30-minute documentary film, about artist Ed Clark, an African American, second-generation Abstract Expressionist, © 2007, produced by Mark Hammond and Charles Martin

directed by Charles Martin
show in mini-DV
T 646 250 0244   E cmartinphoto@gmail.com

A Brush with Success is a thirty-minute documentary film about African American artist Ed Clark by Charles Martin. The film brings together Clark at work, and interviews of him and of other artists, critics and commentators - Jay Milder, Jack Whitten, Judith Wilson, April Kingsley, Valerie Mercer, Loida Lewis and Bob Blackburn. Conversations cover abstract expressionist painting - of which Clark is a major exponent - friends, early days in Paris and New York, childhood and family in Louisiana and Chicago, and training and influences.

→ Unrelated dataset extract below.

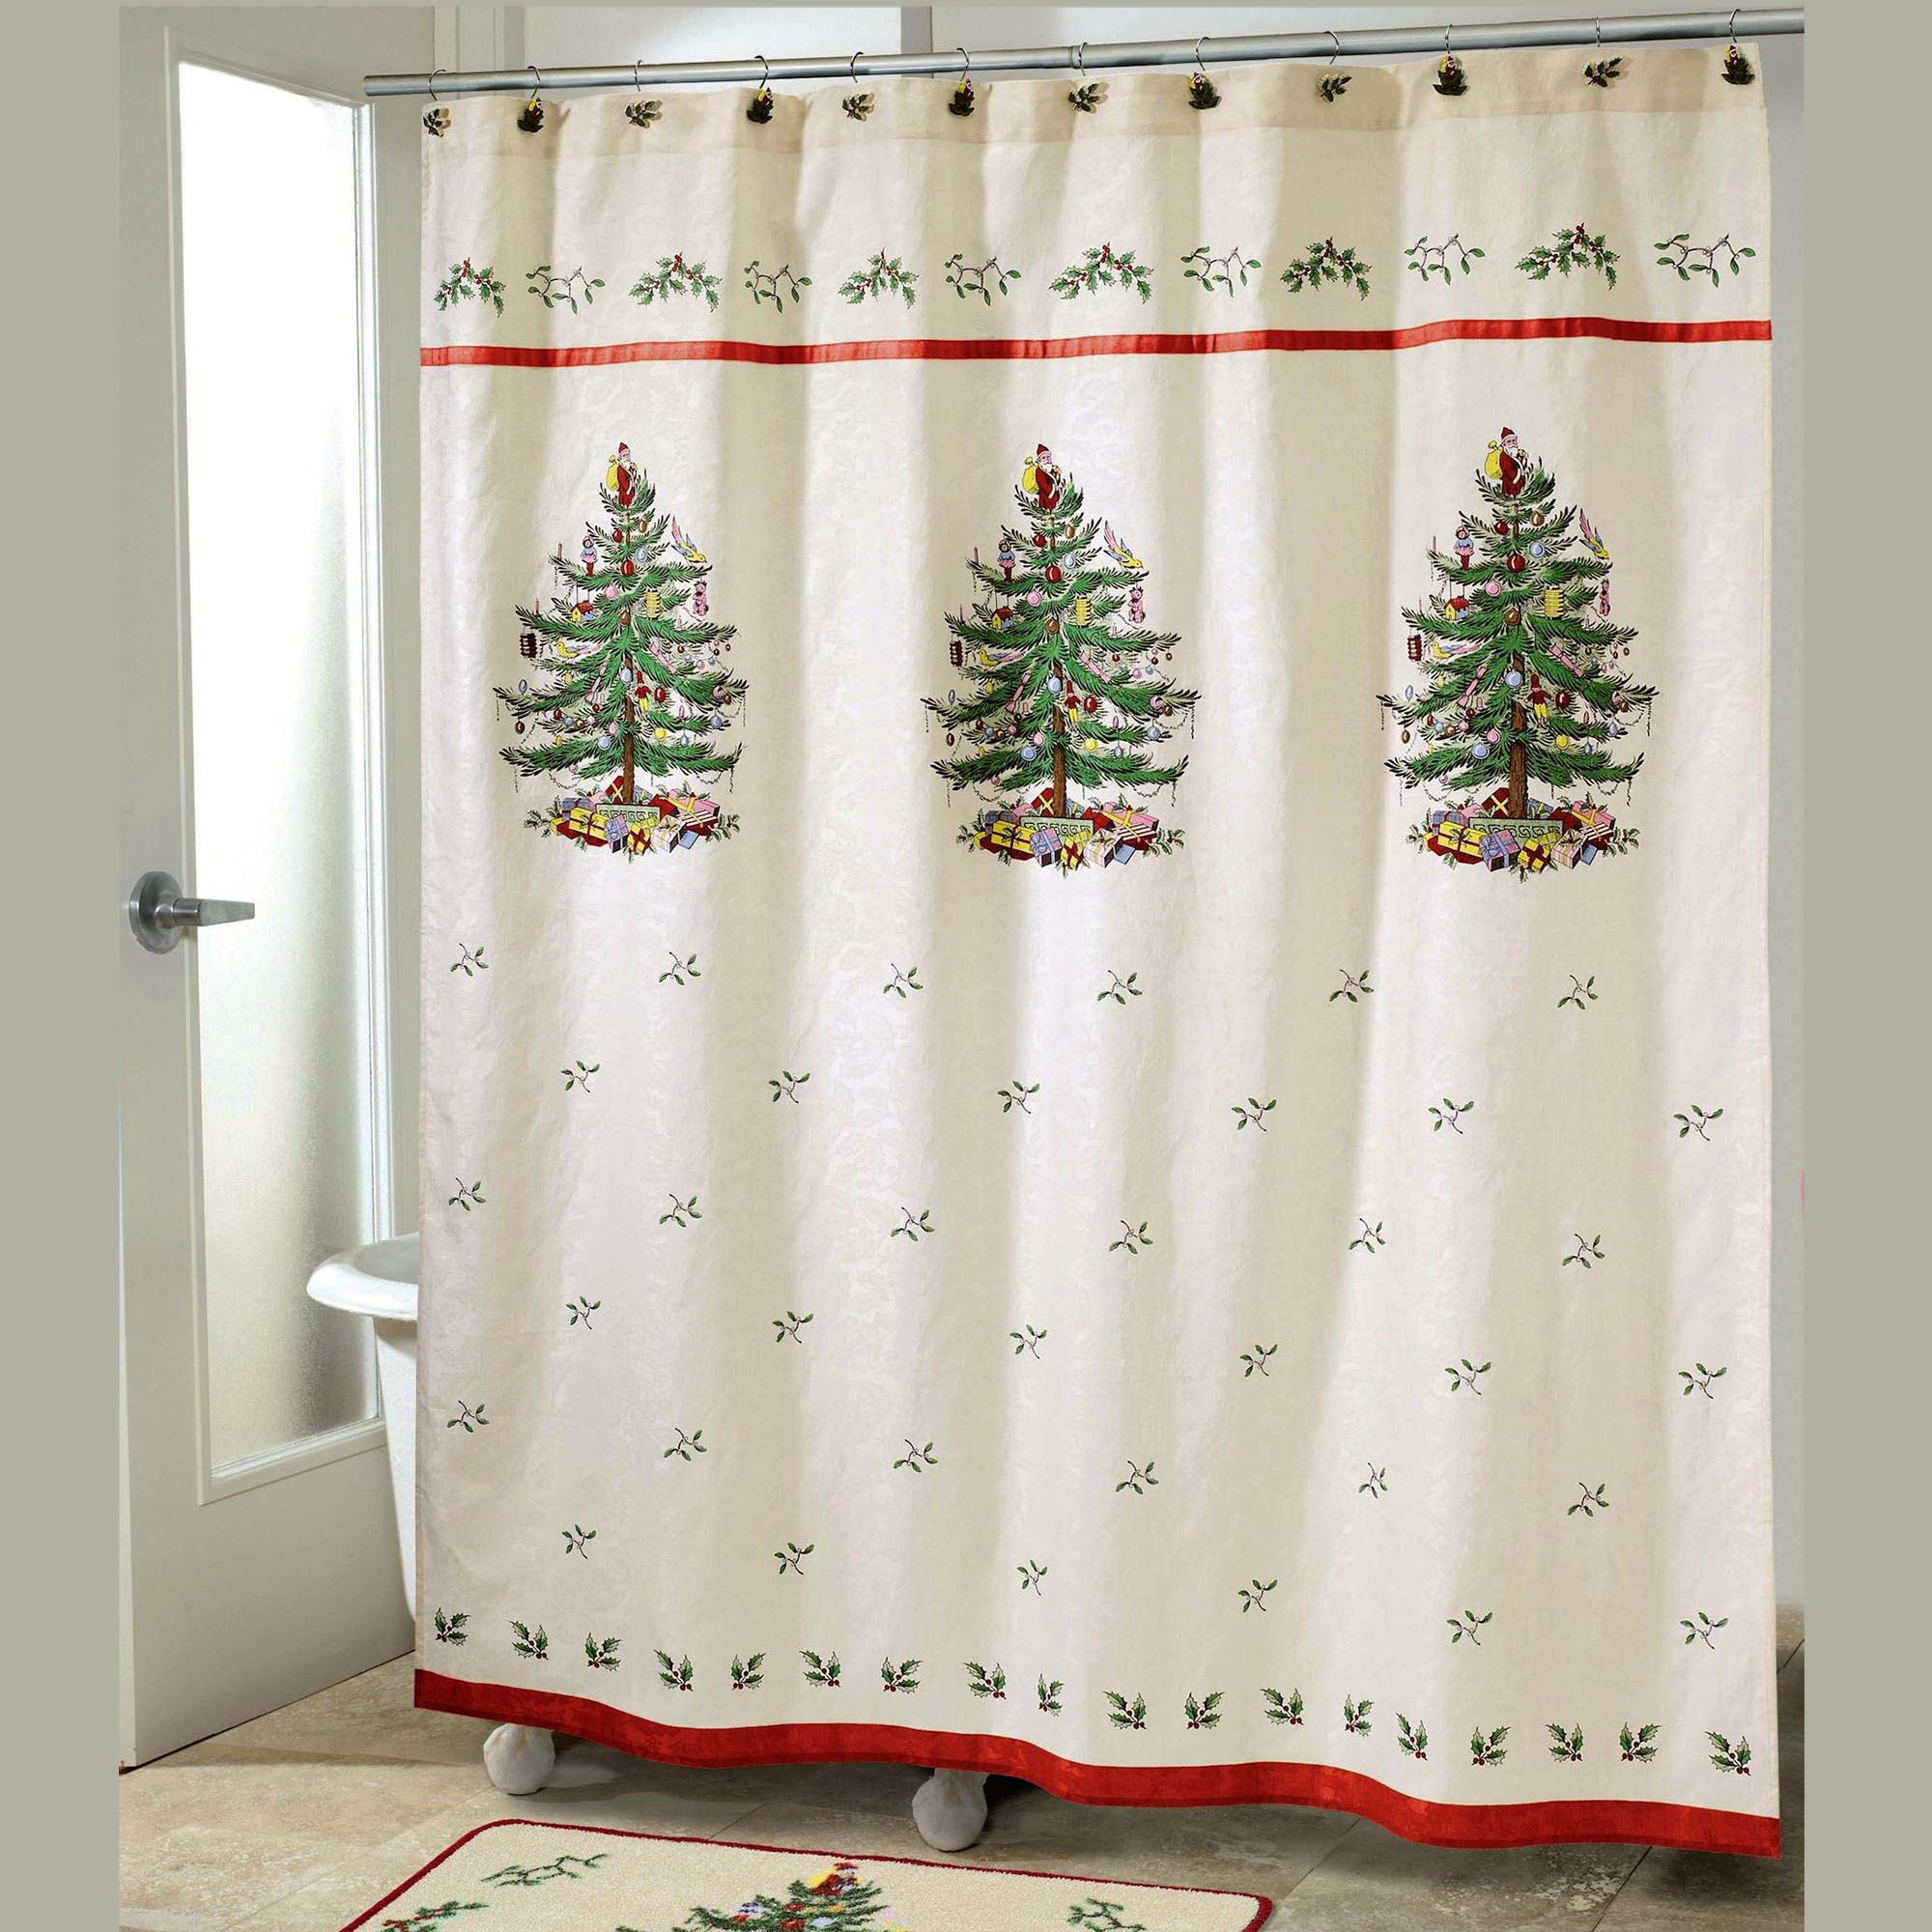 Christmas Bathroom Shower Curtains
 Spode Christmas Tree Shower Curtain

The film has been enabled by the contributions of many, in particular Mark Hammond, Ken van Sickle, Carlos Flores, photographers Adger W. Cowans and Fernando Natalici, musician Pheeroan akLaff, and the Hybrid Media Project - City University of New York. Charles Martin is Associate Professor and Chair of the Department of Comparative Literature, Queens College-City University of New York, as well as a photographer with work in the Museum of Modern Art and other collections. 

Ed Clark, who recently had his eighty-first birthday, has spent most of his life painting around the world, but mostly between Paris and New York. He is an extremely important Abstract Expressionist painter, through not as famous as might be. Charles Martin and he met in Paris in 2003, while Martin was exhibiting photography there, and the two became good friends. Clark la ter agreed to be the subject of this documentary. People familiar with his importance--artists, critics and collectors--quickly agreed to take part.

The film presents Clark talking of art, his painting, jazz music, and his life from New Orleans to Chicago to Paris to New York and around the world. Through additional interviews, others in and familiar with the world of painting add to the story, attesting to Ed's influence, his impact, and his importance. They tell stories both professional and personal. Speakers include Jack Whitten, Bob Blackburn (a MacArthur prize winner), and Jay Milder--artists and contemporaries; April Kingsley, Judith Wilson and Valerie Mercer--critics and curators; and Loida Lewis, a collector.

The film shows Ed painting, as well as discussing art. The interviews are shot so that the speakers tell their stories and offer their points of view in a smooth flow without the intrusion of a questioner or narrator. The camera work is direct and expertly done by Mark Hammond co-producer) and Ken van Sickle (who has worked on an academy award winning documentary). The film includes, too, stills (by van Sickle) from the Paris and 10th Street/New York gallery heydays.